A successful framework
Now in the second year of its three year plan, Restock Kroger has helped to reposition the business for today and for the future. Same store sales (excl fuel) were up 2.5% this quarter, the strongest growth since the start of the Restock Kroger plan, however gross margins and profit remain under pressure. Turnover for the quarter was $28bn and digital sales grew by 21%. There are now a total of 1,915 pickup locations and 2,326 delivery locations, meaning more than 96% of Kroger households now have access to these services.

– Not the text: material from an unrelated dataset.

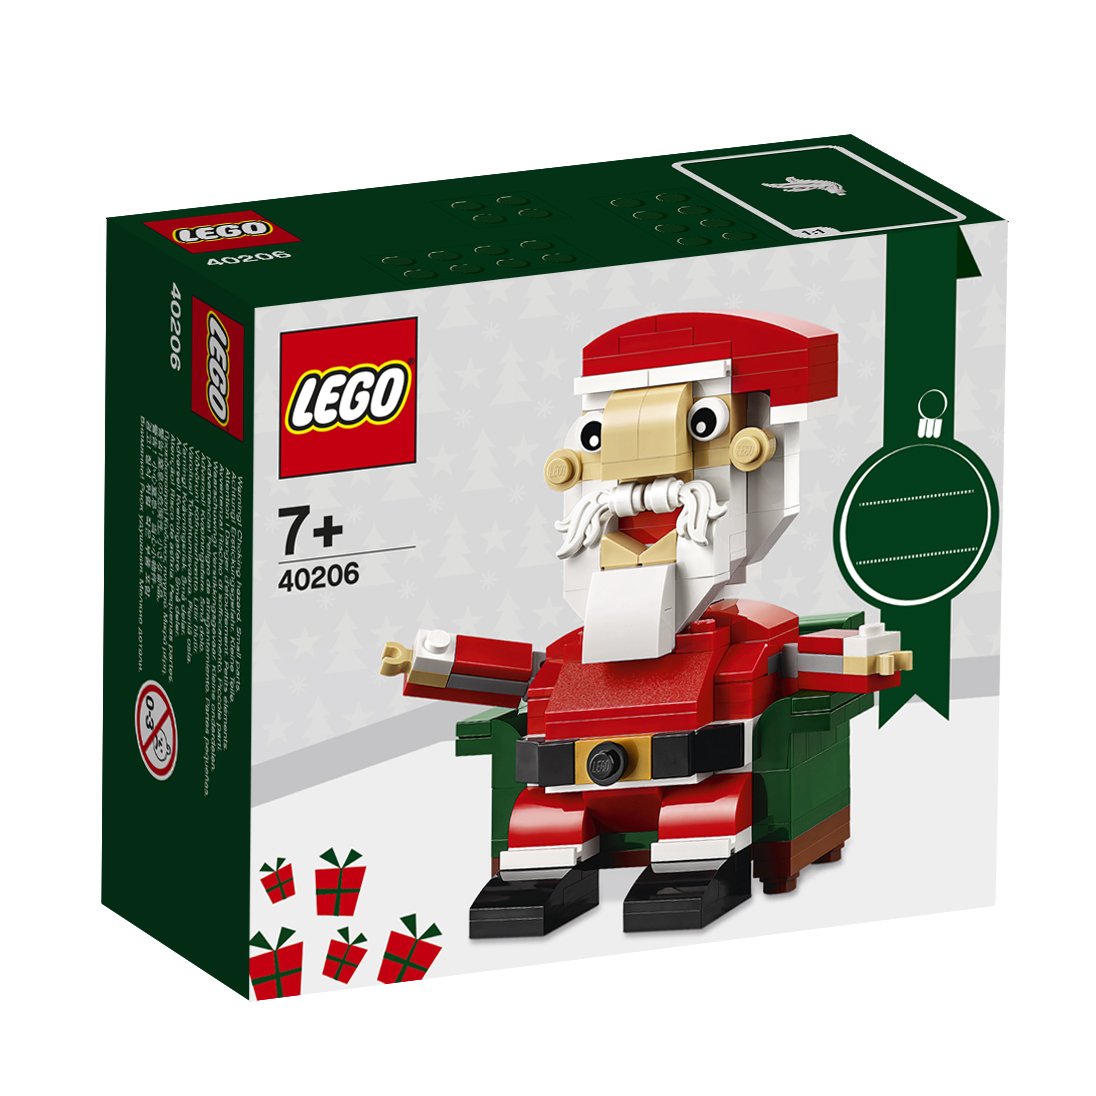 Lego Santa Set Years

The retailer has also been able to reduce its total debt significantly during this time.
Launch of new branding
During the last quarter, Kroger launched its new logo and branding, with the tagline 'Fresh for Everyone'. It also announced Wisconsin as the location for its sixth Kroger-Ocado customer fulfillment centre (CFC). Its private label brands continued to perform strongly, with sales up 3.4% compared to last year. A total of 231 new private label products were introduced, including a plant based range in response to the growing demand from shoppers in this area.
As part of its work to prepare the business for the future, Kroger continues to build its alternative revenue streams, looking ahead for long-term growth. These alternative profit streams are on track to contribute an incremental $100m in 2019 compared to 2018. After reviewing its portfolio, Kroger announced it will divest its stake in Lucky's Market, a speciality grocery chain it acquired in 2016. This shows the retailers commitment to focusing its investments in the areas in which it believes it is best positioned to succeed.